Nothing is withheld: Anne Thériault lets loose to Jimi Hendrix songs, offers herself to the audience with wide wet eyes, a disturbing lack of moral boundaries, and a hand in her pants. She dry-humps Robidoux’s mop of brown hair as he scrambles around on all fours. The group performs an adage, their bodies becoming melting wax-Jesus effigies. They fight off “The Government” with limp-fisted lunges and kicks after concluding that it lurks somewhere, parasitic, inside their own bodies. Marilyn Perrault goes off on a couple of psychotic tirades full of maniacal laughter, her whole body taut and straining to make sense of her crazed observations and self-criticisms. The stink of male chauvinism floats around, but it is reduced by both genders’ equally despicable characters and our pity for all of them. The transitions between scenes tell a story that tosses the balance of power back and forth between the four characters.
Abstracted movements seen as conceptual and delivered in a deadpan style in Gravel Works (2010), for example, are here contextualized in a way that brings other colours and facets of meaning forward, which previously lay below the surface. In Ainsi parlait… they pop out as perverted human archetypes we sheepishly admit we can relate to. In one situation, Parent–dressed in a pink button-down shirt, vest and cowboy boots–implores us to embrace our Inner Asshole. It begins with him puttering on the spot with tiny steps, as a toddler needing the potty, until he finds the ‘on’ switch that propels him forward to the mic with a cheesy grin on his face. The antsy marching continues as he speaks, giving a peculiar rhythmic energy to his story. Eventually, bloated with noxious frustration, he explodes in a foul-mouthed conniption fit that borders on a step dance. His coming-and-going between the two states is funny as hell. His is but one of a dozen characters we see struggling to be powerful when all signs point to failure.

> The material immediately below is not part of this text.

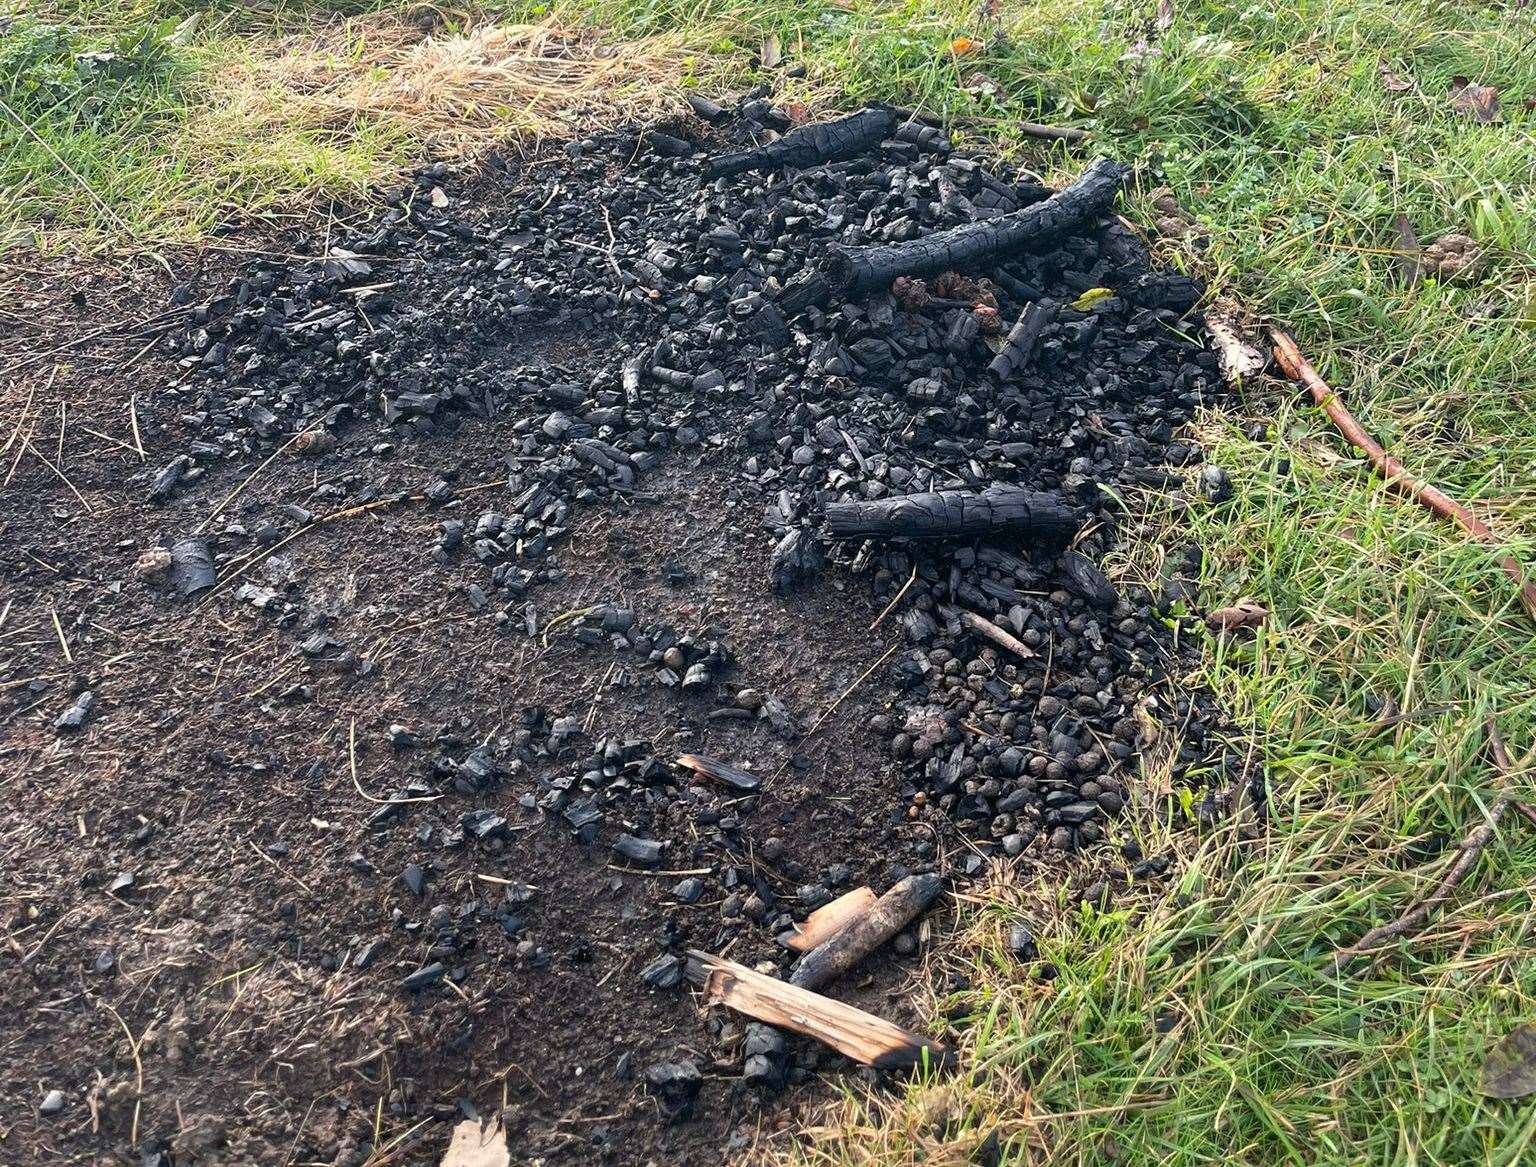 The aftermath of a bonfire at Blue Bell Hill. Photo: Alison Ruyter

In my evaluation, Ainsi parlait… could be a staging of Charles Taylor’s 1991 CBC Massey Lecture, The Malaise of Modernity, as a dark comedy. In his book, the philosopher identifies “the fading of moral horizons” and a loss of political will as key modern fears. He also asserts, however, that “our degrees of freedom are not zero.” According to Taylor, society generally divides into those who see individualism as completely disgusting and those who think it is our saving grace, although fundamentally both are only bastardizations of the “ideal of authenticity” or of “being true to oneself.” Individualism is a moral ideal that can be directed to many different ends and in Ainsi parlait… we see it at its seemingly most jaded and egocentric.

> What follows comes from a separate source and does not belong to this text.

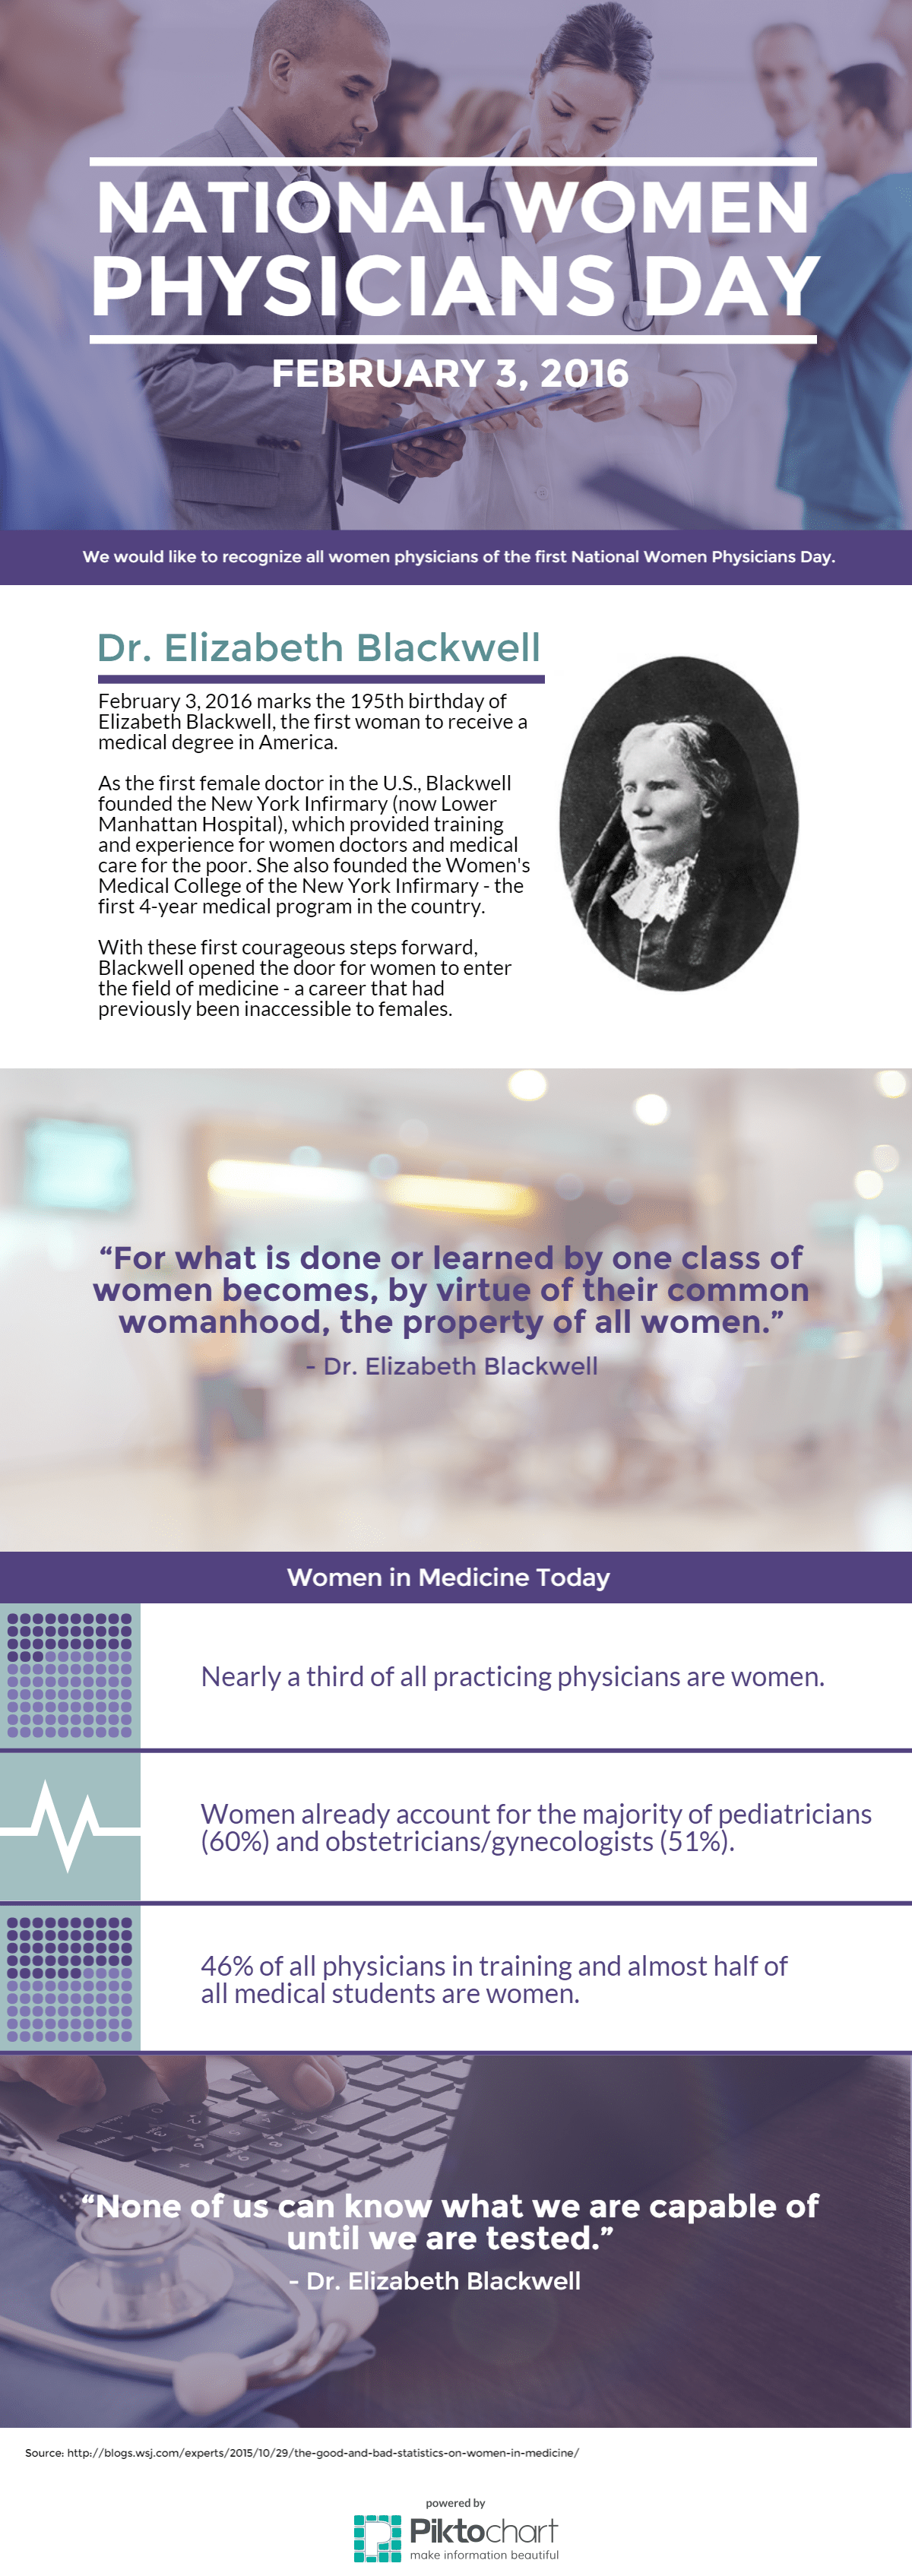 Flyer for National Women Physician's Day, 2016. Contains a blurb about Dr. Elizabeth Blackwell, a quote from her, some stats about women in medicine, followed by another quote.

Taylor concludes that in life, individuals retain an agency to differentiate between “what is great in the culture of modernity, as well as what is shallow or dangerous.” That agency has to be exercised. In doing so, in deliberating what to do with the distinctions we have made, we engage in life in possibly transformative ways. Lepage’s characters move molehills and not mountains, but they engage nonetheless.
Emotion flows freely through the movement in Ainsi parlait…. The performers’ characters touch only the iceberg tip of their own agency (occasionally masturbating it) but in enacting with their whole bodies the dramas of their moral debate, they disclose an emotional investment in the world. Together, Frédérick Gravel and Étienne Lepage may have found some warped kind of love.